▶ EXERCISE GOAL: Each line from the start of the data below through the one containing "Thérèse et Beni" must be reproduced exactly.

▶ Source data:
-------------------------
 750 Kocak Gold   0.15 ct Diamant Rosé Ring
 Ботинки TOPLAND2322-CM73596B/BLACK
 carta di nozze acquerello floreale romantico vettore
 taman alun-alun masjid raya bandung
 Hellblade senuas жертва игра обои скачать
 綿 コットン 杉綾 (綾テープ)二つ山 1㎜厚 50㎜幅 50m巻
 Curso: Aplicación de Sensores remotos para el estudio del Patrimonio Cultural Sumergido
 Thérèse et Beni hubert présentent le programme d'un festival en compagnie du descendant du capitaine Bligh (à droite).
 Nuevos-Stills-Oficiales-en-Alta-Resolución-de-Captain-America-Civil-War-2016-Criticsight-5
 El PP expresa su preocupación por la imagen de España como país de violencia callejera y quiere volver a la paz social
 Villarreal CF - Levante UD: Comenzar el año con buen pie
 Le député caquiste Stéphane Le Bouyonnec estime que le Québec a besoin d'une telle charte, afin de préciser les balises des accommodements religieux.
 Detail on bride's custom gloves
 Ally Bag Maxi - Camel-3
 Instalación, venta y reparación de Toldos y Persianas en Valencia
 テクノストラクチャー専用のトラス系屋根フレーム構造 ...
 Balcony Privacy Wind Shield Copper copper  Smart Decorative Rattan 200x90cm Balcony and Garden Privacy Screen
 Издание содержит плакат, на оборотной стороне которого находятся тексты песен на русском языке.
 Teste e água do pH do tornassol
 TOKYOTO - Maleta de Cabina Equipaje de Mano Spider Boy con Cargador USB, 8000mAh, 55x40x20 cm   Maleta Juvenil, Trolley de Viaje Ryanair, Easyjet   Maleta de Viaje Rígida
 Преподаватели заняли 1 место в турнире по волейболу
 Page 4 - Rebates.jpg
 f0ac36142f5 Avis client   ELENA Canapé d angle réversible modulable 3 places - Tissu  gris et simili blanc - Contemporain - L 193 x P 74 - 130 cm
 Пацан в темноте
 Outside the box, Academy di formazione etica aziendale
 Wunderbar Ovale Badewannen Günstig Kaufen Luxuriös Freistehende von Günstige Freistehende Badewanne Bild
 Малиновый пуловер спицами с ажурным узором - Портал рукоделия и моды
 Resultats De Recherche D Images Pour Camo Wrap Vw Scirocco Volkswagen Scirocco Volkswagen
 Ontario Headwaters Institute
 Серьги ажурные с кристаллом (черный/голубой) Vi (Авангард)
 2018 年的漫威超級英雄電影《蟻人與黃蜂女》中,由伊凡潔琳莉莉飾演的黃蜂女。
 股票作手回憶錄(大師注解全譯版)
-------------------------
▶ SOLUTION FOR THIS PROBLEM:
 750 Kocak Gold   0.15 ct Diamant Rosé Ring
 Ботинки TOPLAND2322-CM73596B/BLACK
 carta di nozze acquerello floreale romantico vettore
 taman alun-alun masjid raya bandung
 Hellblade senuas жертва игра обои скачать
 綿 コットン 杉綾 (綾テープ)二つ山 1㎜厚 50㎜幅 50m巻
 Curso: Aplicación de Sensores remotos para el estudio del Patrimonio Cultural Sumergido
 Thérèse et Beni hubert présentent le programme d'un festival en compagnie du descendant du capitaine Bligh (à droite).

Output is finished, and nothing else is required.